The clinical evaluation strategy is an essential step in any clinical evaluation. It is specific to each type of medical device and to each manufacturer.
This strategy must be defined right from the development stage of a medical device, as it can determine the feasibility of a project. Drawing up a “state of the art” report at the development stage of a device can help define this strategy, and in particular identify the elements to be evaluated during a clinical investigation prior to marketing. For example, for an implantable device, the literature is often rich in information that will help define the means of measuring claims:
- Clinical performance: fusion rate, recurrence rate, survival rate, angle measurement, rupture rate, etc.
- Clinical benefit: a reduction in pain using the VAS scale, an improvement in mobility and quality of life using the HHS scale, the MHQ questionnaire or the EuroQol; an improvement in function using the Crawford criteria, etc.
- Safety: with risks identified as being linked to the device or procedure.
It will also make it possible to assess the clinical evidence for the device under study, and to compare this evidence with current knowledge. This confrontation of data may give rise to unanswered questions, which will need to be covered by the Post-Market Clinical Follow-up (PMCF) activity.

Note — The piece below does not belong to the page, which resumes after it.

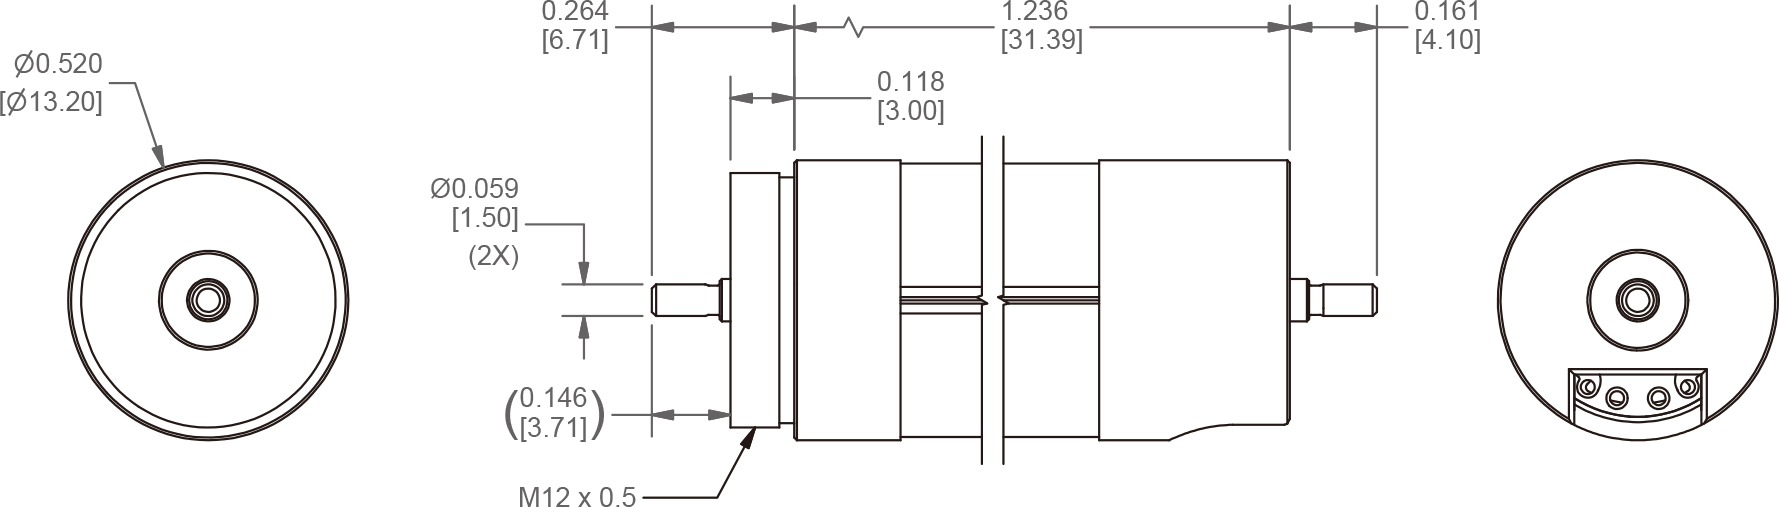 PT106 dimensions
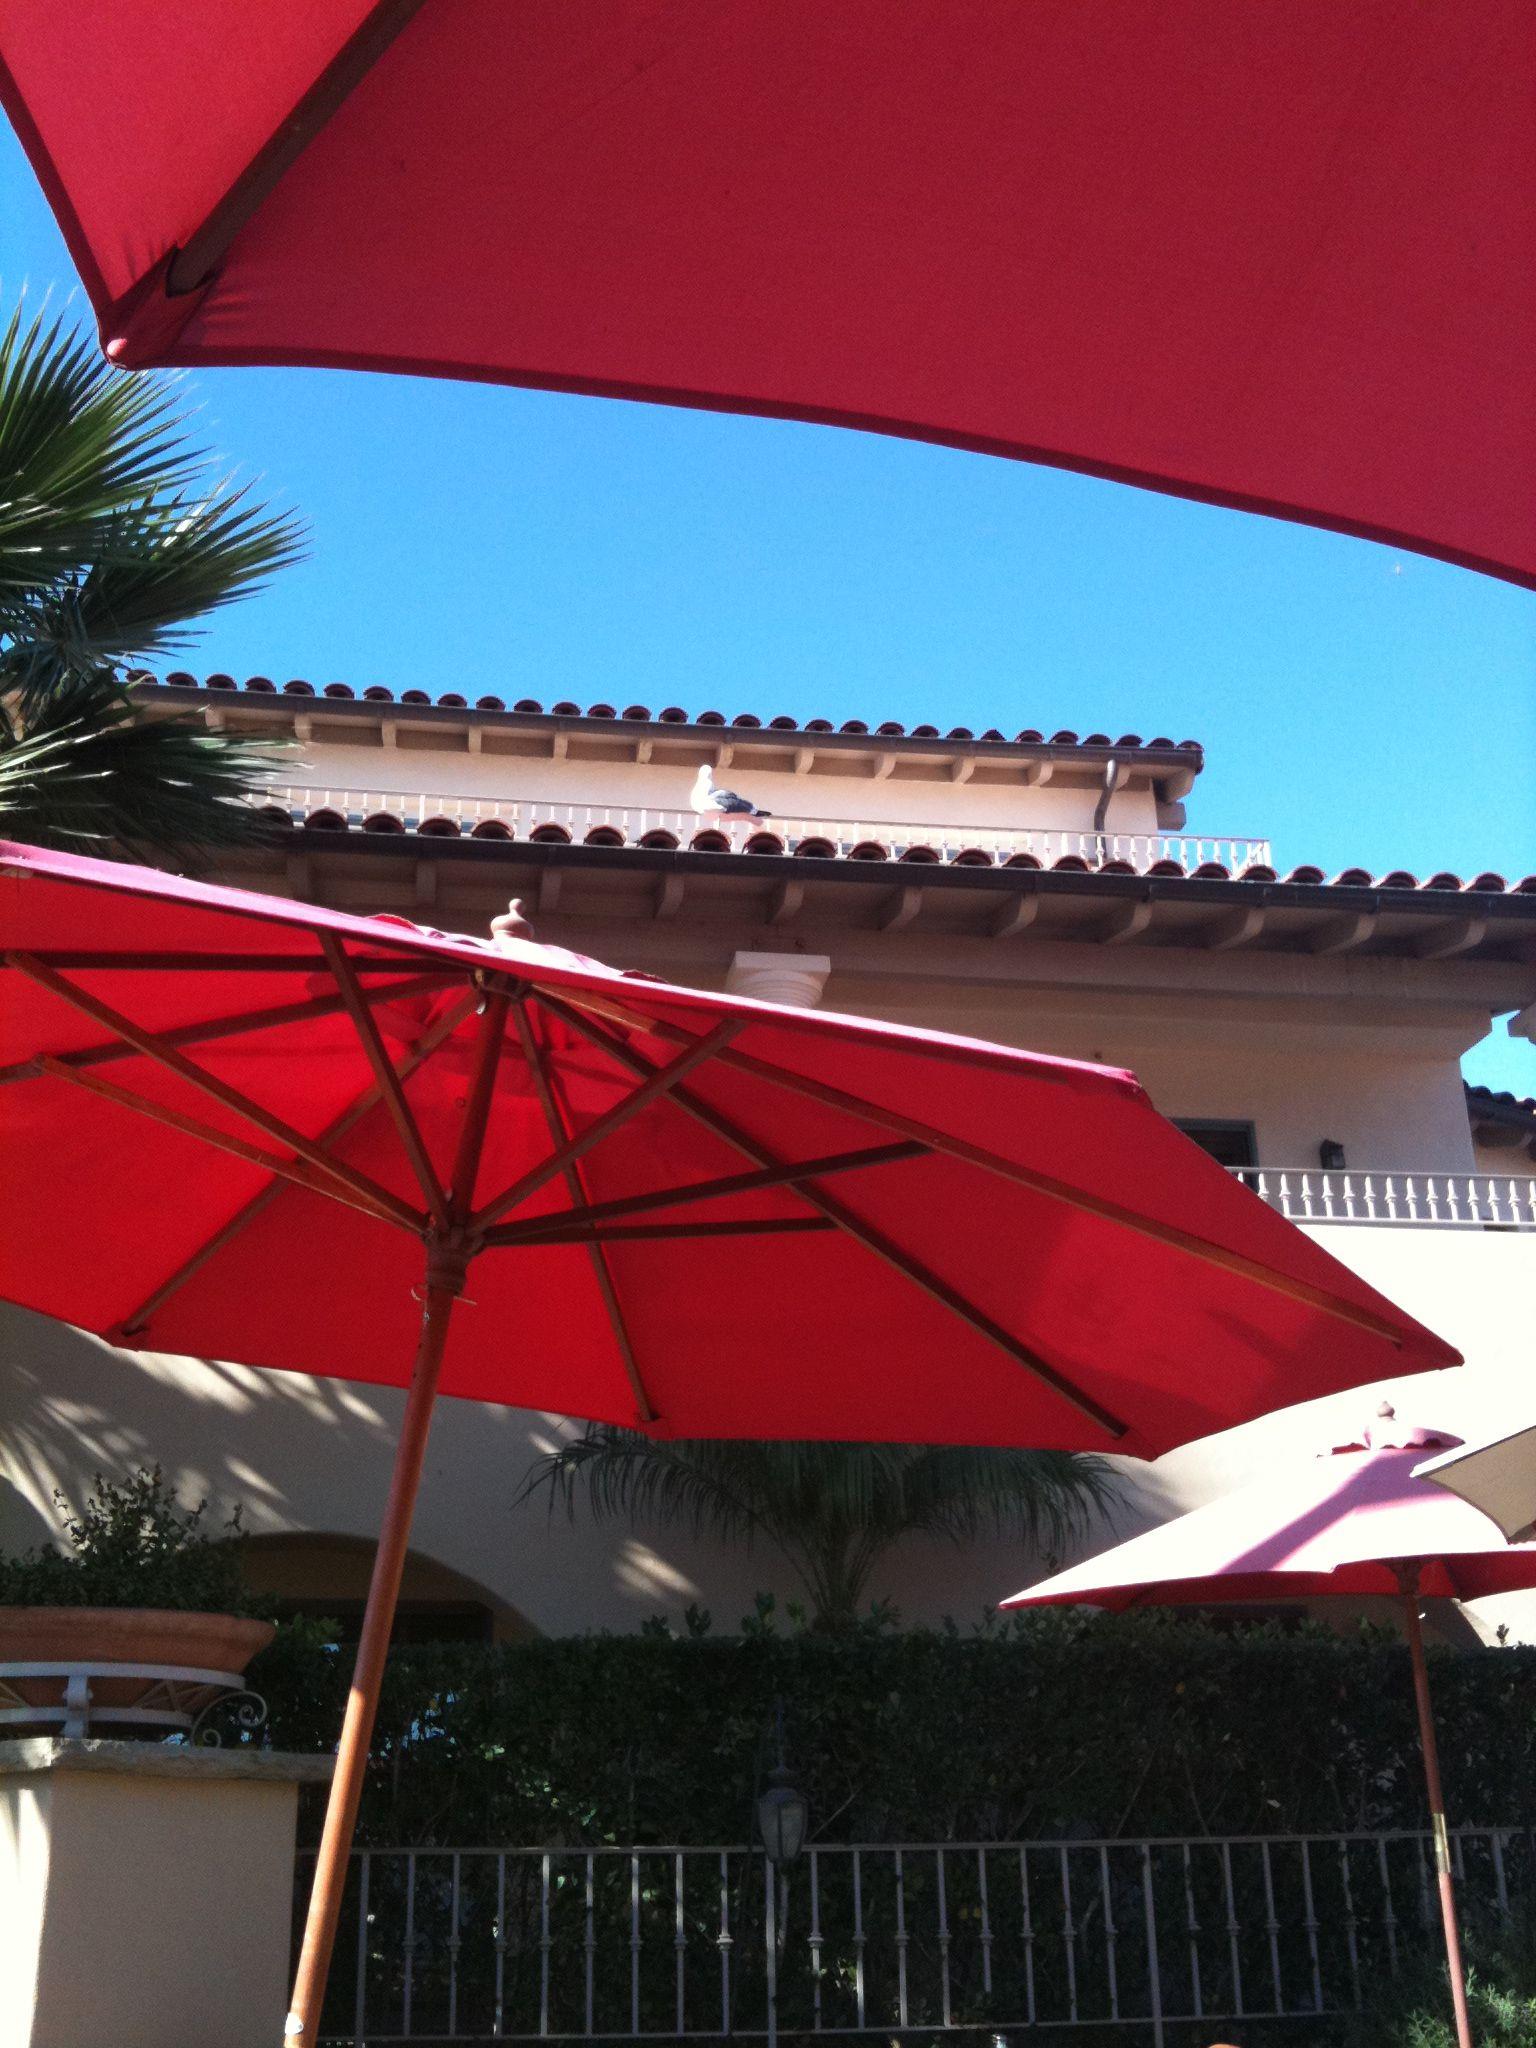 Dinner at Eladio's, Santa Barbara

The strategy will define the sources of potential clinical data to cover the claims:
- Clinical investigation(s) of the device concerned;
- Clinical investigation(s) or other studies cited in scientific publications of a device whose equivalence to the device concerned can be demonstrated;
- Reports in peer-reviewed scientific publications of any other clinical trials of the device concerned or of a device whose equivalence with the device concerned can be demonstrated;
- Clinically relevant information from post-marketing surveillance (PMS), in particular post-marketing clinical follow-up.
Like Directive 93/42/EC, Regulation 2017/745/EU allows the use of preclinical data, test bench results, performance tests, ergonomic tests when clinical data are not deemed relevant to assess the performance and safety of the medical device (paragraph 10, article 61). This means that certain devices will be able to rely on pre-clinical data to evaluate the device; these data will have to be confirmed during Post-Market Clinical Monitoring.
This strategy can be used in particular for software medical devices. At the algorithm validation stage, for example, depending on the software, the algorithm is often tested on pre-established databases of images, for example. This crucial stage in the development of the device can be carried over into the clinical evaluation, if claims and strategy allow.